Why Start with Scenario 1?

  • Validates architecture before adding complexity
  • MCP is simpler - easier to debug and prove the system works
  • Faster iteration - mock tools are trivial to implement

Why Rule-Based Planner First?

  • No ML/LLM overhead - focuses on system design, not AI
  • Deterministic - easier to test and reason about
  • Extensible - can replace with LLM-based planner later

Why Pydantic?

  • Type safety - catches data shape errors early
  • Serialization - easy to log and trace
  • Validation - schema contracts enforced

🔍 Key Differentiators

This is not just another agent framework because:

  1. Evaluates failures, not just success - Most frameworks ignore degradation
  2. Protocol comparison - Systematic comparison across communication models
  3. Production constraints - Focuses on latency, coordination, observability
  4. Systems thinking - Treats agents as a distributed systems problem
  5. Actionable insights - Decision framework: Use MCP when X, A2A when Y

📚 Documentation


🛠️ Contributing

Current focus: Scenario-driven development

  1. Implement Scenario 1 end-to-end ✅
  2. Add failure injection to Scenario 1
  3. Implement Scenario 2 (A2A)
  4. Compare across scenarios

📝 License

Open source - educational and research purposes.

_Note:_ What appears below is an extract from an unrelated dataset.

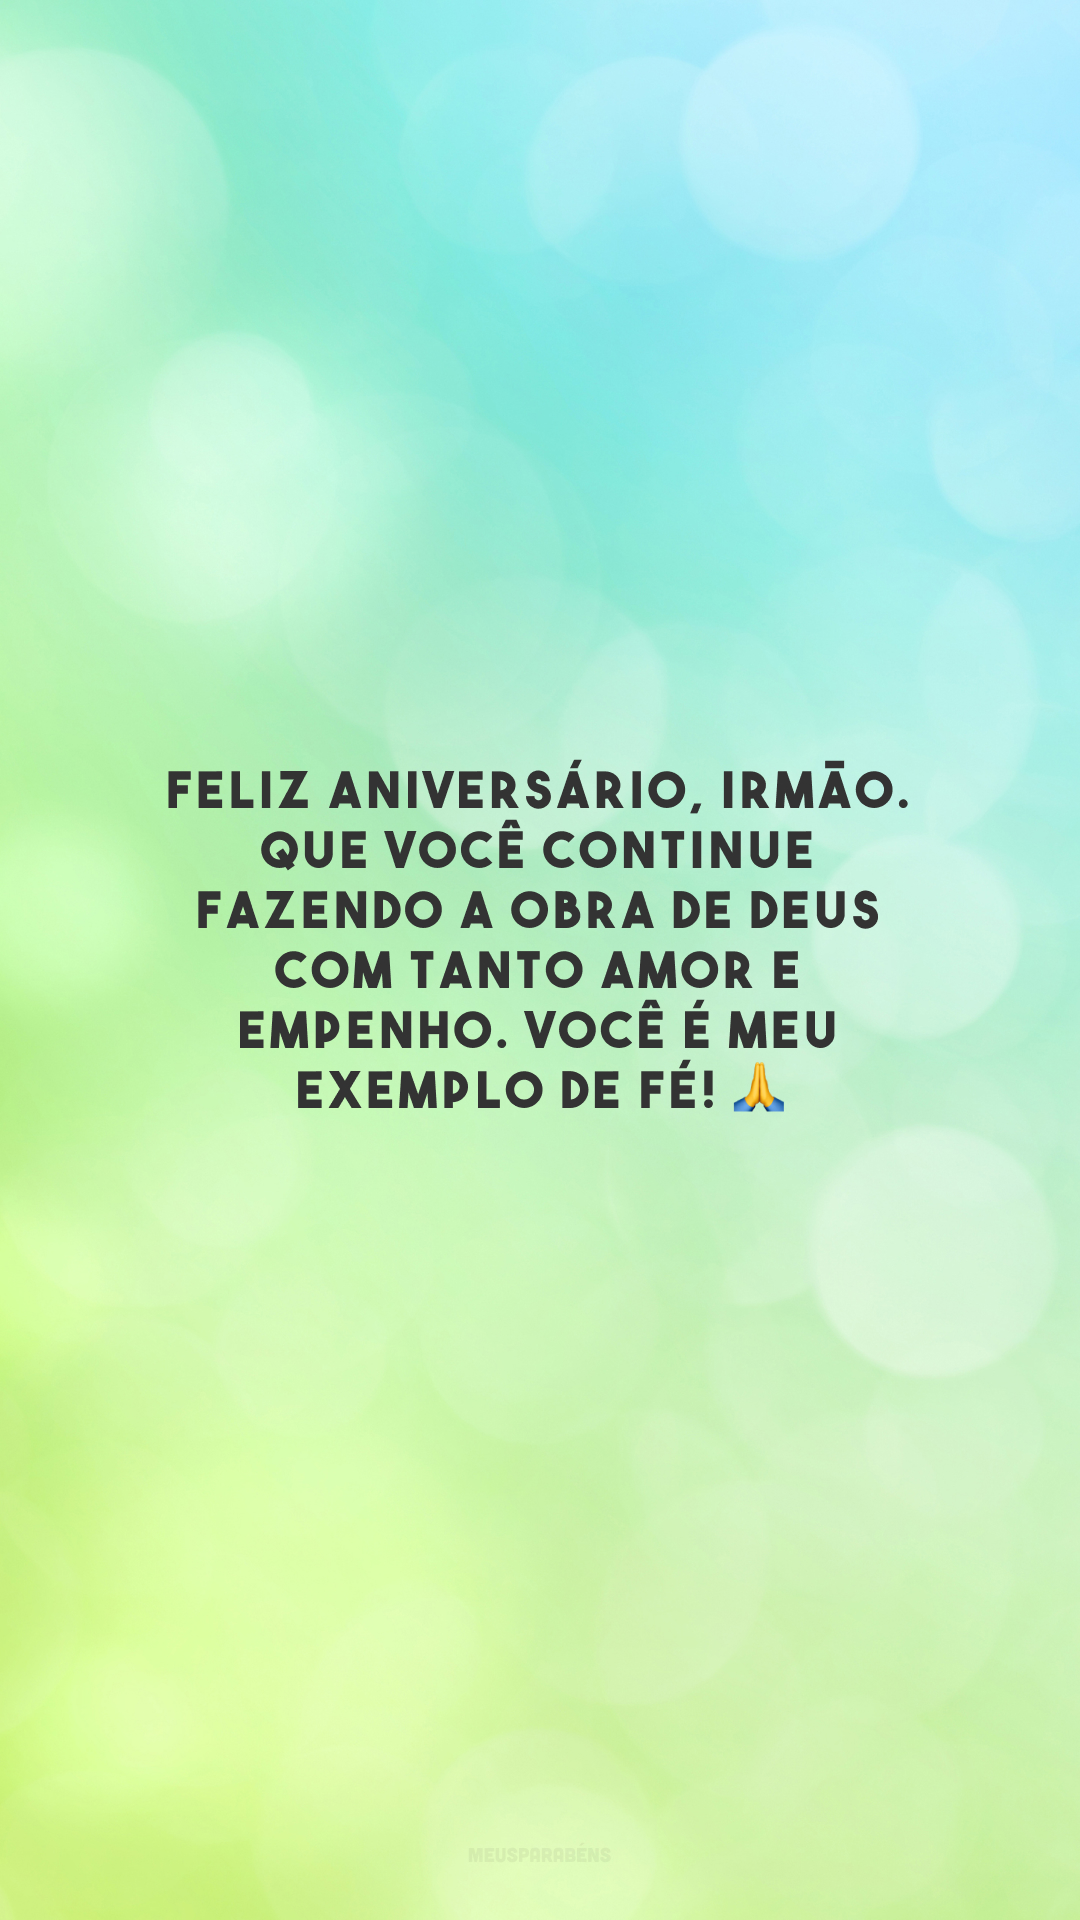 Feliz aniversário, irmão. Que você continue fazendo a obra de Deus com tanto amor e empenho. Você é meu exemplo de fé! 🙏

🎓 Questions This Project Answers

  1. When should MCP be used vs A2A vs Distributed?

    • MCP: Simple, fast (0.06ms), low overhead, fails linearly
    • A2A: Flexible, moderate latency (0.02ms), agent composition
    • Distributed: Complex, highest latency (0.37ms), graceful degradation
  2. What breaks first in each model?

    • MCP/A2A: Single point failure stops everything
    • Distributed: 2 of 3 agents can fail, system continues
  3. How does failure propagate differently?

    • MCP: Cascading (one tool failure = whole chain fails)
    • A2A: Cascading (one agent crash = orchestration fails)
    • Distributed: Isolated (failing agents tracked, others continue)
  4. Which approach is easier to debug?

    • MCP: Simplest (fewest hops, clear trace)
    • A2A: Moderate (agent registry complexity)
    • Distributed: Hardest (parallel execution, aggregation logic)
  5. What is the coordination cost?

    • MCP: 0ms (direct tool calls)
    • A2A: ~2x overhead from agent lookup + delegation
    • Distributed: ~6x overhead from parallel + aggregation
  6. How does latency affect each protocol?

    • All three operate in sub-millisecond range
    • Distributed acceptable for decision systems (latency not critical)
    • MCP preferred for latency-sensitive operations

📊 Final Metrics

Metric MCP A2A Distributed
Avg Latency 0.06ms 0.02ms 0.37ms
Latency Ratio 1x 0.33x 6x
Success Rate 100% 100% 100%
Partial Failure Tolerance
Max Agents 1 N 3+
Complexity Low Medium High

Key Insight: "Agent systems don't fail linearly—they fail probabilistically and collectively. Distributed systems accept higher latency for resilience."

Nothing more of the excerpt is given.